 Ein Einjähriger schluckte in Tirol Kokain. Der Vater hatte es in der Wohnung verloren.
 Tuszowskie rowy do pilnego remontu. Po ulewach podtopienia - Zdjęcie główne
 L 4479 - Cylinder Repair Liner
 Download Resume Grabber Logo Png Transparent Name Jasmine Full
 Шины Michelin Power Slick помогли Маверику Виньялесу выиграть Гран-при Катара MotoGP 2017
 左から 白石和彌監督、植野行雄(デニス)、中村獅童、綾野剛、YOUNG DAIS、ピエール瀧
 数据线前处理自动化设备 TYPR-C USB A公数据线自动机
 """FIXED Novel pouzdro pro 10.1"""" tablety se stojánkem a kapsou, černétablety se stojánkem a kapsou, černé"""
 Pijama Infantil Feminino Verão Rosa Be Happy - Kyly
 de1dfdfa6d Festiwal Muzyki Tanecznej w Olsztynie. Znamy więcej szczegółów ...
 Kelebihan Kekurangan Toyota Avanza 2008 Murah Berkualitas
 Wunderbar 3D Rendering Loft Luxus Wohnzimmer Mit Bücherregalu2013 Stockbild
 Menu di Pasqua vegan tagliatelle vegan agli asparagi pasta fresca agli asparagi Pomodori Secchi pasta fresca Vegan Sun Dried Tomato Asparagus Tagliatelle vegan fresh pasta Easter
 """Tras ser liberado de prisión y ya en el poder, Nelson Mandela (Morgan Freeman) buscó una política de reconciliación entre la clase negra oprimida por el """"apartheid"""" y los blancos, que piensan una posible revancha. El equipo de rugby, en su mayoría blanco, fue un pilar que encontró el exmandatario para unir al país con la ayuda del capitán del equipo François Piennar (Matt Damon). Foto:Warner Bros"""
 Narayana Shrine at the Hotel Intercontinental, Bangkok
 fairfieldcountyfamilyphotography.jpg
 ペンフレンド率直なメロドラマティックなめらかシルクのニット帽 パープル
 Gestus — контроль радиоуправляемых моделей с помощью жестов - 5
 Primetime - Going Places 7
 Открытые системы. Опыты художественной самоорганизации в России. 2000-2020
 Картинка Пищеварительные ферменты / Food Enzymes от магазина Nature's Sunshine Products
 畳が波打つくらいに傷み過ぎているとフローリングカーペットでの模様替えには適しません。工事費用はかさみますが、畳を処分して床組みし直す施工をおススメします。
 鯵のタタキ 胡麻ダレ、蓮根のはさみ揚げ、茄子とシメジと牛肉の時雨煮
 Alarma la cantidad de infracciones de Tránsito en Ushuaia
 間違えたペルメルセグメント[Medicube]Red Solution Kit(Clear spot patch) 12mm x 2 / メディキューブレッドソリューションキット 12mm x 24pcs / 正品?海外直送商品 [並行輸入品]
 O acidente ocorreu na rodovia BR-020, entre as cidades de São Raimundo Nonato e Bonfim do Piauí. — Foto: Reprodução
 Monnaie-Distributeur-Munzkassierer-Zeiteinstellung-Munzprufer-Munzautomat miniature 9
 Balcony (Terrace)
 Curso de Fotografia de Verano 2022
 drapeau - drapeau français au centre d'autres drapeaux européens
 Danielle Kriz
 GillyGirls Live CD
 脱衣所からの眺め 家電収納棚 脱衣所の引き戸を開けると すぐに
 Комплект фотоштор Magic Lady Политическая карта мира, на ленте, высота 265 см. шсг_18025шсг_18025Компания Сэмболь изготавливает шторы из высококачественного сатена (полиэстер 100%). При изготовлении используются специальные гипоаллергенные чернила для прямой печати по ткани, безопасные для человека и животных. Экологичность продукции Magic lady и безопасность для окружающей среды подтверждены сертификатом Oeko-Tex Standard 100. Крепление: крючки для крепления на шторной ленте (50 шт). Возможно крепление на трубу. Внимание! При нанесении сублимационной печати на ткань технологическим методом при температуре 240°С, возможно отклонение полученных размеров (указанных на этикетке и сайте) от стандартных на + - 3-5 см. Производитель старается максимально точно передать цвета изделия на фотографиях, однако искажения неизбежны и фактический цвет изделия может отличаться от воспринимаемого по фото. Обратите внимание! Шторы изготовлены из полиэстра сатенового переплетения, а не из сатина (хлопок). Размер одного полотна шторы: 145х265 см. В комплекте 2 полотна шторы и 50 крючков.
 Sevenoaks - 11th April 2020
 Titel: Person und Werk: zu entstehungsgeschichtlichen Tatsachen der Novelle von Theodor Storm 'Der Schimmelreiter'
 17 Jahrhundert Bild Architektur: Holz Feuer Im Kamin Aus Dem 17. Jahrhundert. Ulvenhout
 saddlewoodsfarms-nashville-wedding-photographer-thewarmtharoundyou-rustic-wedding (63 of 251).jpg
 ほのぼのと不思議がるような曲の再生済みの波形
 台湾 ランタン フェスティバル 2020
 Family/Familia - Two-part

__WHAT YOU NEED TO DO__.
Begin at the first line of the entries above and copy every line exactly, ending with the line that contains "Pijama Infantil Feminino".

__SOLUTION__.
 Ein Einjähriger schluckte in Tirol Kokain. Der Vater hatte es in der Wohnung verloren.
 Tuszowskie rowy do pilnego remontu. Po ulewach podtopienia - Zdjęcie główne
 L 4479 - Cylinder Repair Liner
 Download Resume Grabber Logo Png Transparent Name Jasmine Full
 Шины Michelin Power Slick помогли Маверику Виньялесу выиграть Гран-при Катара MotoGP 2017
 左から 白石和彌監督、植野行雄(デニス)、中村獅童、綾野剛、YOUNG DAIS、ピエール瀧
 数据线前处理自动化设备 TYPR-C USB A公数据线自动机
 """FIXED Novel pouzdro pro 10.1"""" tablety se stojánkem a kapsou, černétablety se stojánkem a kapsou, černé"""
 Pijama Infantil Feminino Verão Rosa Be Happy - Kyly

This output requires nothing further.